10 Tips for Visiting A New Baby


Now you probably want to go bother the severely exhausted parents and rub your germy nose all over the baby's delicious smelling head... I totally understand! I'm a doula, so I do the same thing ;)

Since your desires to meet this new little human MUST be quenched, let me at least give you some tips for making your visit as seamless as possible and increasing your chances of seeing the little bundle of poop again... do you babysit?

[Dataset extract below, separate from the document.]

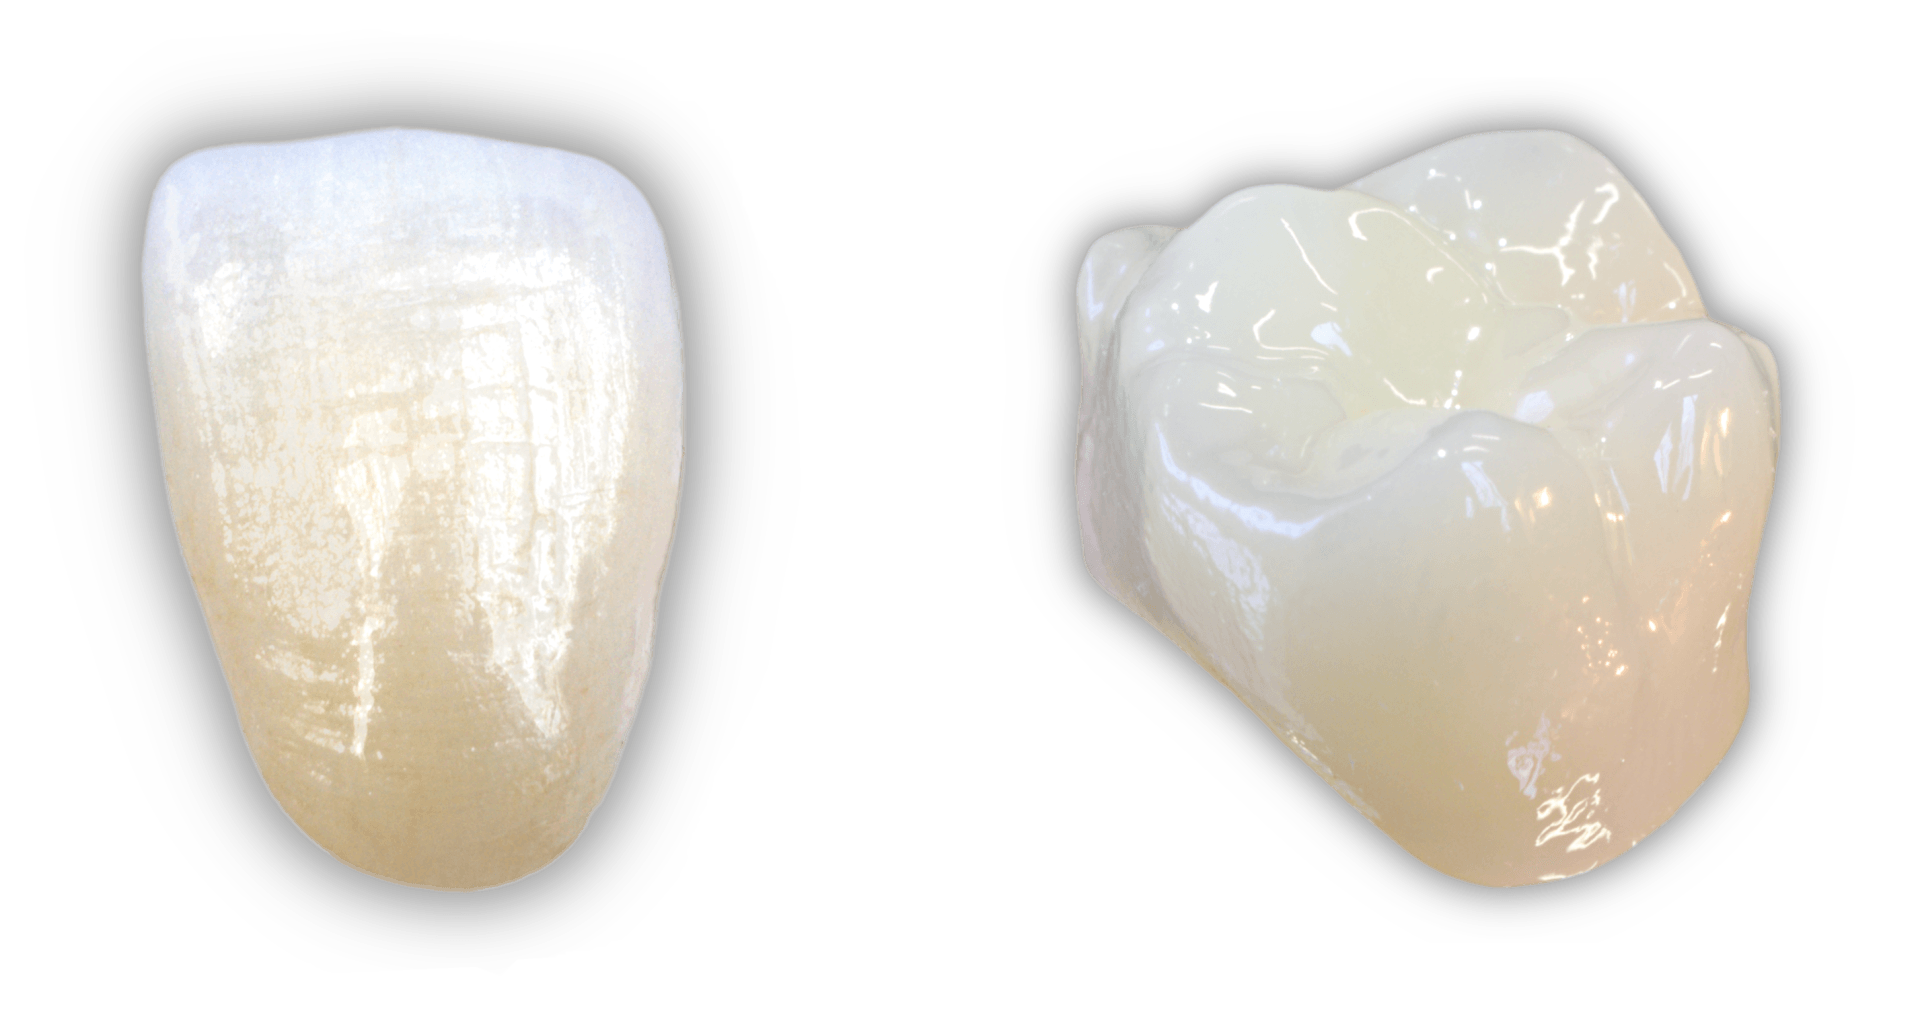 Festsitzender keramischer Zahnersatz aus Zirkonoxid

10 Tips for Visiting A New Baby:

1. SCHEDULE YOUR VISIT. Ask the parents for a convenient day and time for them and once you agree on a time, stick to it. If you have your own children, then plan a time when you can go without them. Unless you are a very close family member, the midwife, or the doula, plan your visit after the first week, preferably after the second week - the baby will still be adorable, I promise.

2. BE HEALTHY. Do not go visit a new baby when you are sick. PERIOD. Snot running down your face, diarrhea last night... cancel your visit and reschedule when you are healthy.  

3. BRING SOMETHING. Ask the parents if they need you to pick up anything, or, if they have a craving for any favorite meals. If they politely decline any thing you offer, then think of something to bring anyway. You can never go wrong with some essential groceries such as eggs, bread, and ice cream (that's essential, right!?), toilet paper, a gift card for the parents, or something that you know they like (sushi, burgers).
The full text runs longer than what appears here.